Problem 56 of Project Euler is one of those problems where I really haven’t found a nice method for solving it. The problem description reads

A googol (10^{100}) is a massive number: one followed by one-hundred zeros; 100^{100}is almost unimaginably large: one followed by two-hundred zeros. Despite their size, the sum of the digits in each number is only 1.

Considering natural numbers of the form,a, where^{b}a, b100, what is the maximum digital sum?

I have only found a brute force solution with a bit of pruning, so lets jump right into that.

The first thing we need is a method to calculate the digit sum of a number. Since some of the numbers are pretty big I have chosen to keep everything in BigInteger, so the fastest C# method I can conjure up for calculating the digit sum is

private int DigitSum(BigInteger number) { char[] k = number.ToString().ToCharArray(); int ds = 0; for(int i = 0; i < k.Length; i++){ ds += Convert.ToInt32(k[i].ToString()); } return ds; }

Normally I would keep it all in numeric types, but when we are dealing with BigInteger, it is less costly to convert it to a char array and parse it to integers.

Once that is in place lets have a look at the main method. Doing it completely brute force would require us to check all 9801 combinations of a and b for 0 < a,b < 99.

However, if we start from a,b = 99 and work us downwards there is a good chance to find a large number. Once 9 times number of digits of a^b becomes smaller than the current result, it is safe to stop counting down.

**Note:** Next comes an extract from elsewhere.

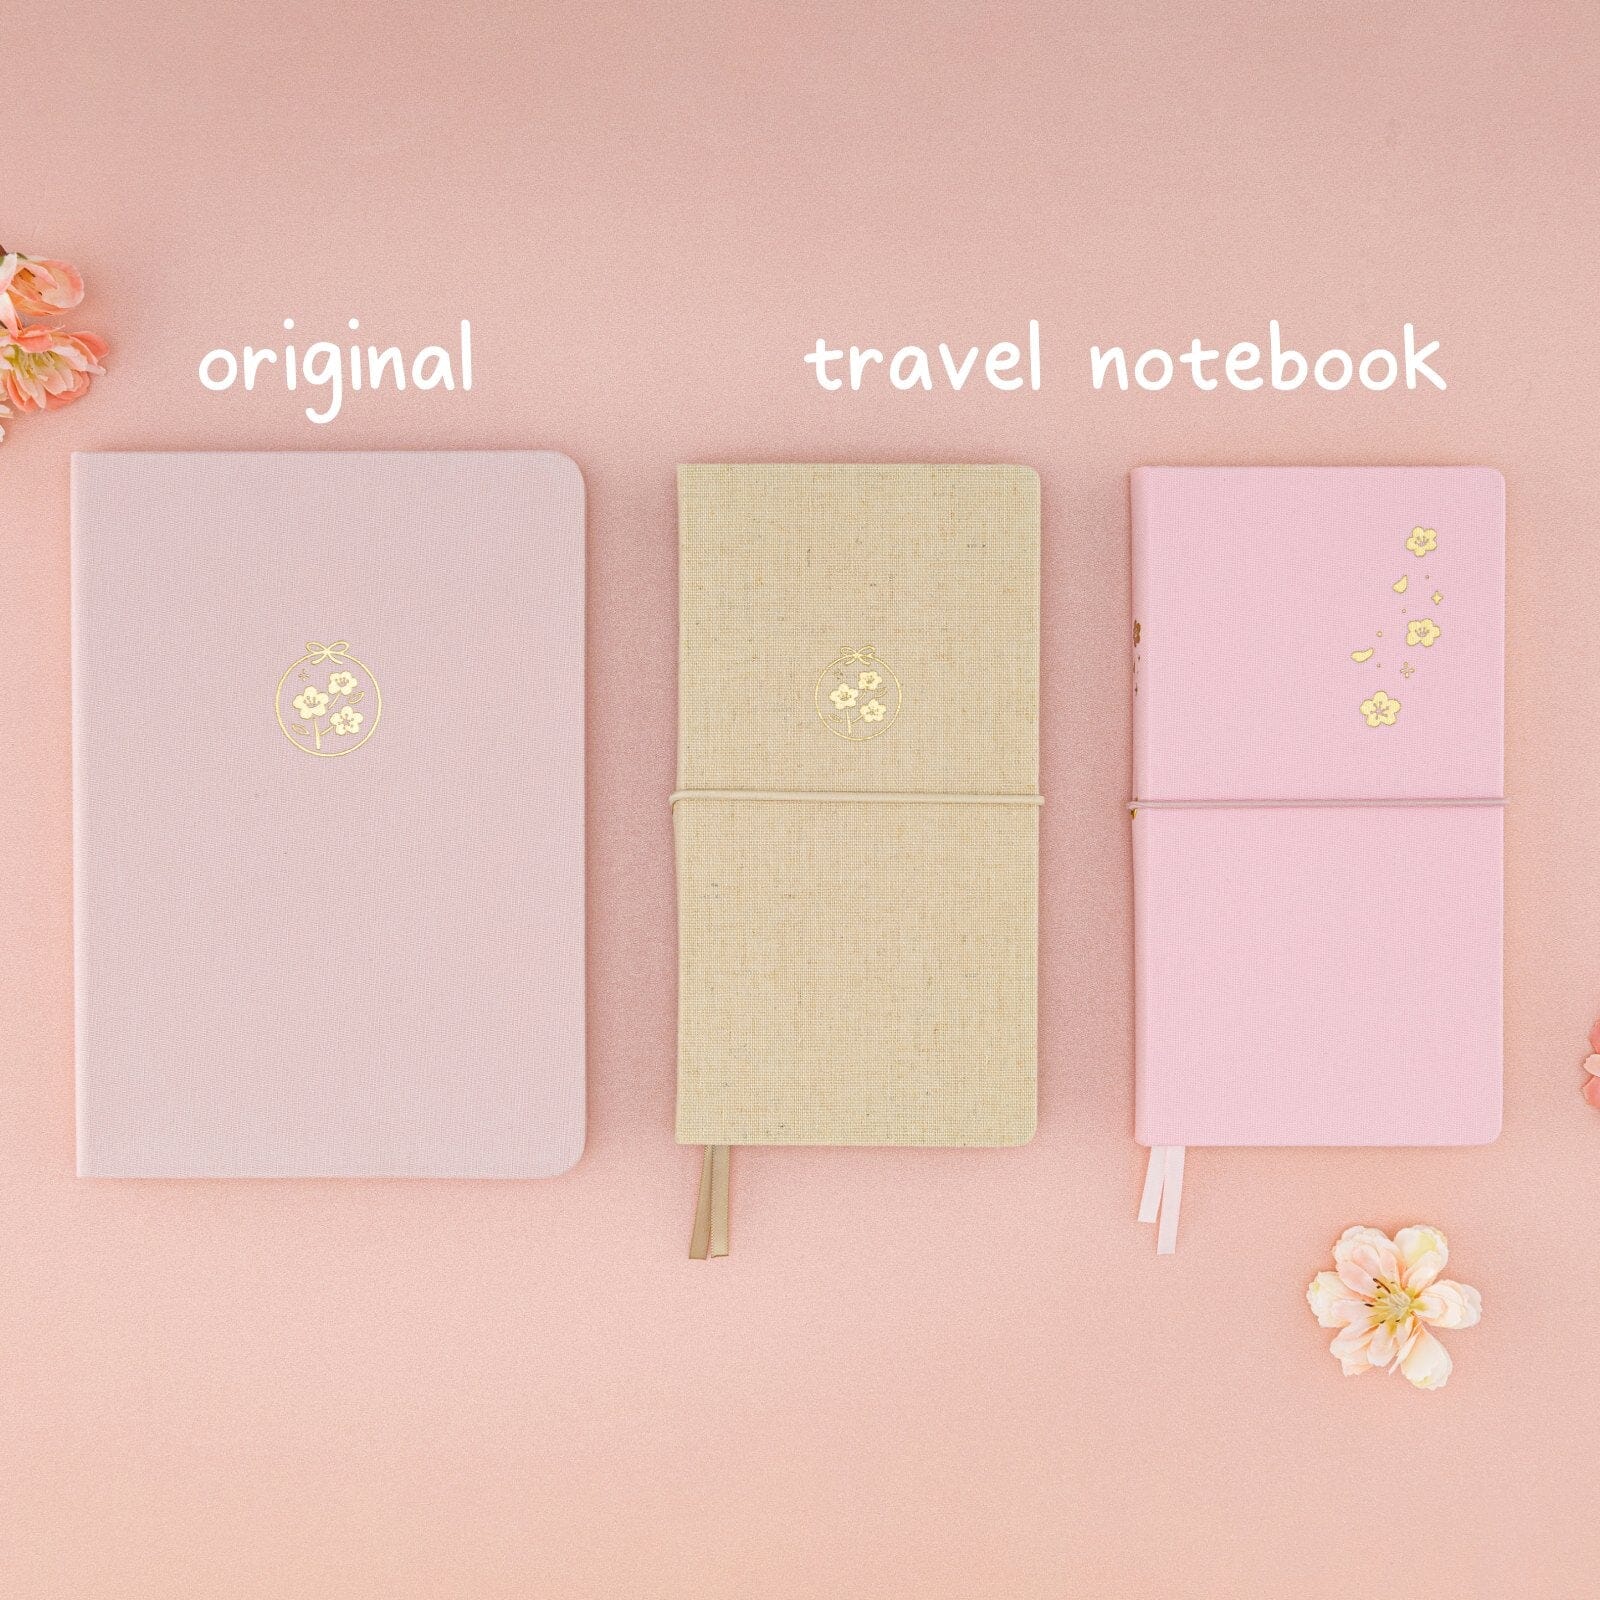 Flatlay of 3x sakura themed notebooks

The number of digits can be found rather easily with the base 10 logarithm.

The C# code looks like

const int limit = 100; int result = 0; for (int a = limit-1; a > 0; a--) { for (int b = limit-1; b > 0; b--) { BigInteger number = BigInteger.Pow(a,b); if (((int)BigInteger.Log10(number)) * 9 < result) break; int sum = DigitSum(number); if (sum > result) result = sum; } }

The result of the execution of the code is

The largest digit sum of a^b with a, b < 100 is 972 Solution took 95 ms

Compared to my first implementation where I kept the DigitSum in numeric types I had an execution time of 290ms.

## Wrapping up

This post is a bit on the short side but I don’t have anything fancy to add to the solution. You can find the source code here.

Your comments are as always very welcome, be it other solution strategies, questions or just a greeting.

Greeings!

And also:

Do you get a speed up if you replace

with:

in the digit sum method?

Hi

yes I get a significant speed up by using that way of doing it instead.

I end up spending 29ms instead of 95ms. That is really a clever little thing. So instead of going through the hassle of converting the char to an int value, you just subtract the ascii value of 0, which is 48. Since 0-9 is next to each other in in the ascii table, you are left with the right value.

Nice little trick.

/Kristian

I found two ways to trim the loops down a bit more.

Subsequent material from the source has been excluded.